Dwie firmy należące do amerykańskiego banku inwestycyjnego JP Morgan są na liście największych akcjonariuszy polskiego ubezpieczyciela – PZU. Na liście do wypłaty dywidendy znajdowali się wczoraj również fundacja Dariusza Michalczewskiego i Wydawnictwo Kurii Metropolitalnej Gość Niedzielny.
Wypłata miliardowej dywidendy z największej polskiej firmy ubezpieczeniowej planowana jest na 26 listopada. Spółka wypłaci akcjonariuszom łącznie 12,75 mld zł. Na tę sumę składają się niewypłacane od trzech lat zyski oraz tzw. dywidenda zaliczkowa z tegorocznego zysku.

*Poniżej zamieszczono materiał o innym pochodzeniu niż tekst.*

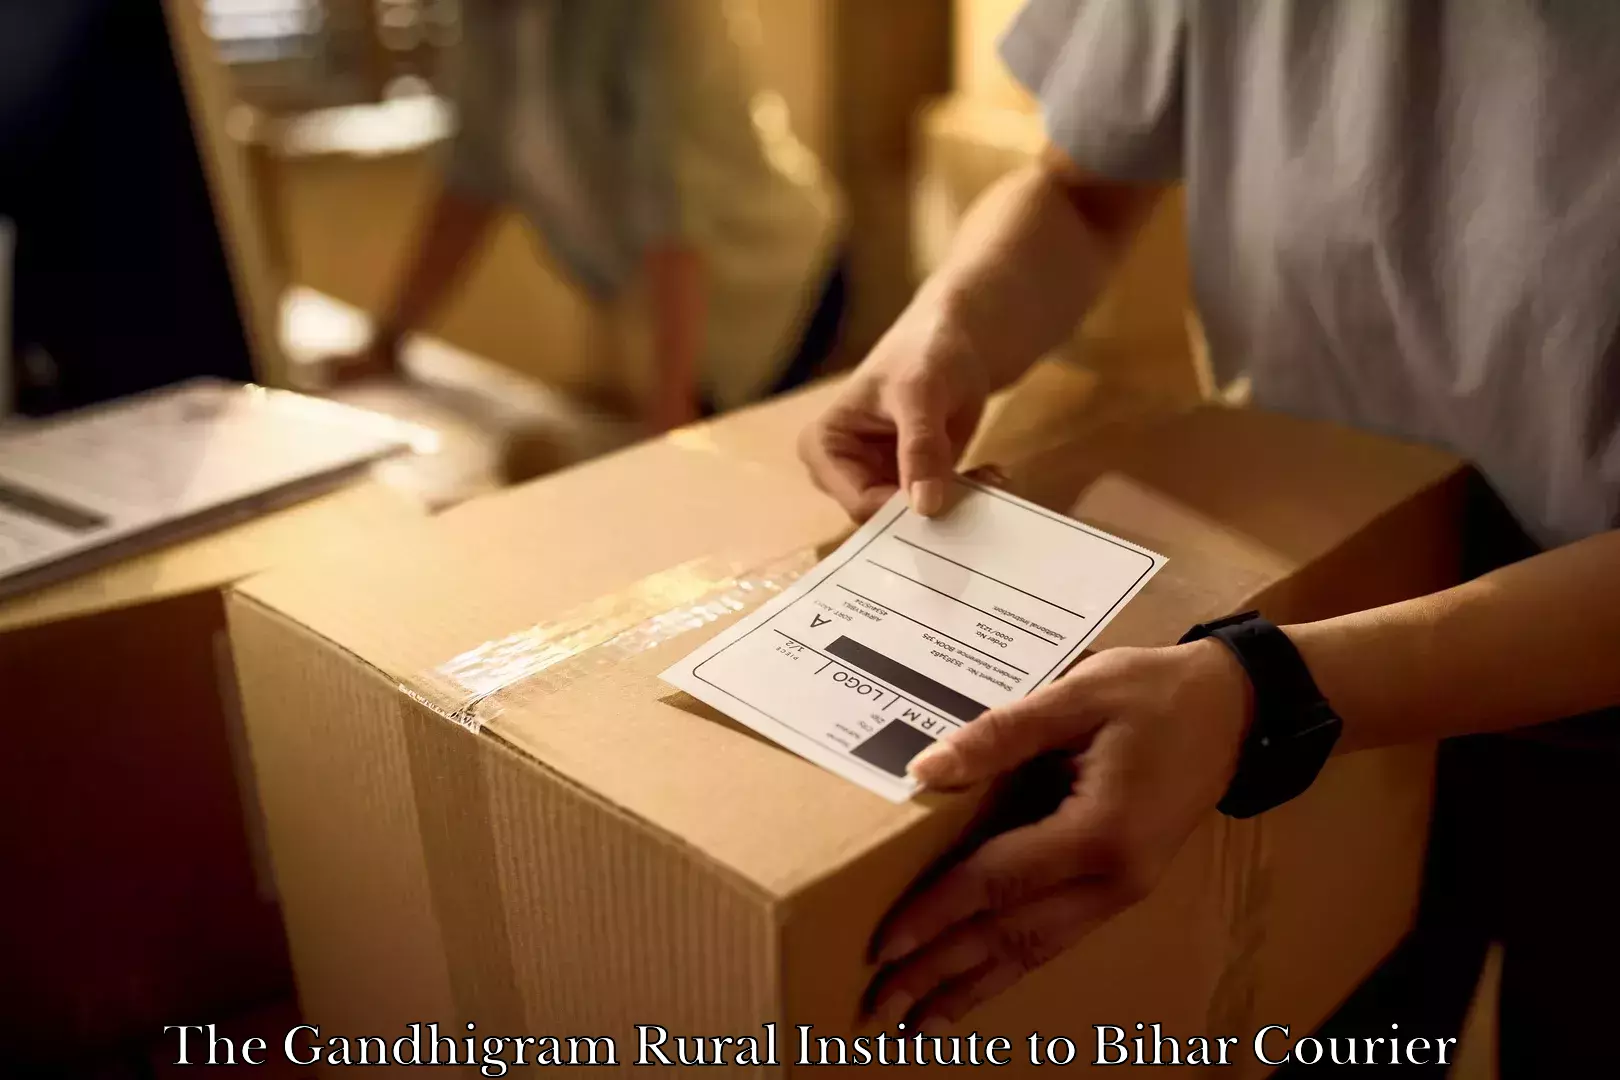 Furniture moving assistance The Gandhigram Rural Institute to Bihar

Do wypłaty 147,65 złotych (brutto) przypadających na jedną akcję będą mieli prawo akcjonariusze wpisani do księgi akcyjnej towarzystwa 19 listopada.
Odblokowanie wypłaty dywidendy jest elementem podpisanej 1 października ugody między dwoma największymi akcjonariuszami PZU: Skarbem Państwa (55 proc. akcji) i Eureko (32 proc.). Od ośmiu lat walczyli oni o kontrolę nad ubezpieczycielem. Teraz w ramach porozumienia zagraniczny inwestor zgarnie 6,9 mld zł, a Skarb Państwa zadowoli się 3,5 mld zł. W zamian Holendrzy zgodzili się zmniejszyć swój swój udział w polskiej spółce.
W dziesiątce największych firm (z akcjami pracowniczymi) wpisanych wczoraj do księgi akcyjnej PZU są tylko dwa polskie podmioty: BRE Bank i Bank Gospodarstwa Krajowego.
Druga po JP Morgan Securities jest powiązana z Eureko spółka Insurance Network Services z Rotterdamu. Pozostali inwestorzy to głównie firmy amerykańskie, a także zarejestrowane na Bermudach czy w Malezji. Większość z nich to fundusze inwestycyjne, np. bermudzkie Nowe Finanse Ltd., zarządzane przez brytyjską firmę Charlemagne Capital. Przed rokiem w ciągu zaledwie kilku miesięcy fundusz stał się szóstym akcjonariuszem PZU. Nowe Finanse Ltd. zainwestowały w akcje ubezpieczyciela pieniądze pochodzące ze sprzedaży certyfikatów inwestycyjnych zaoferowanych prywatnym inwestorom.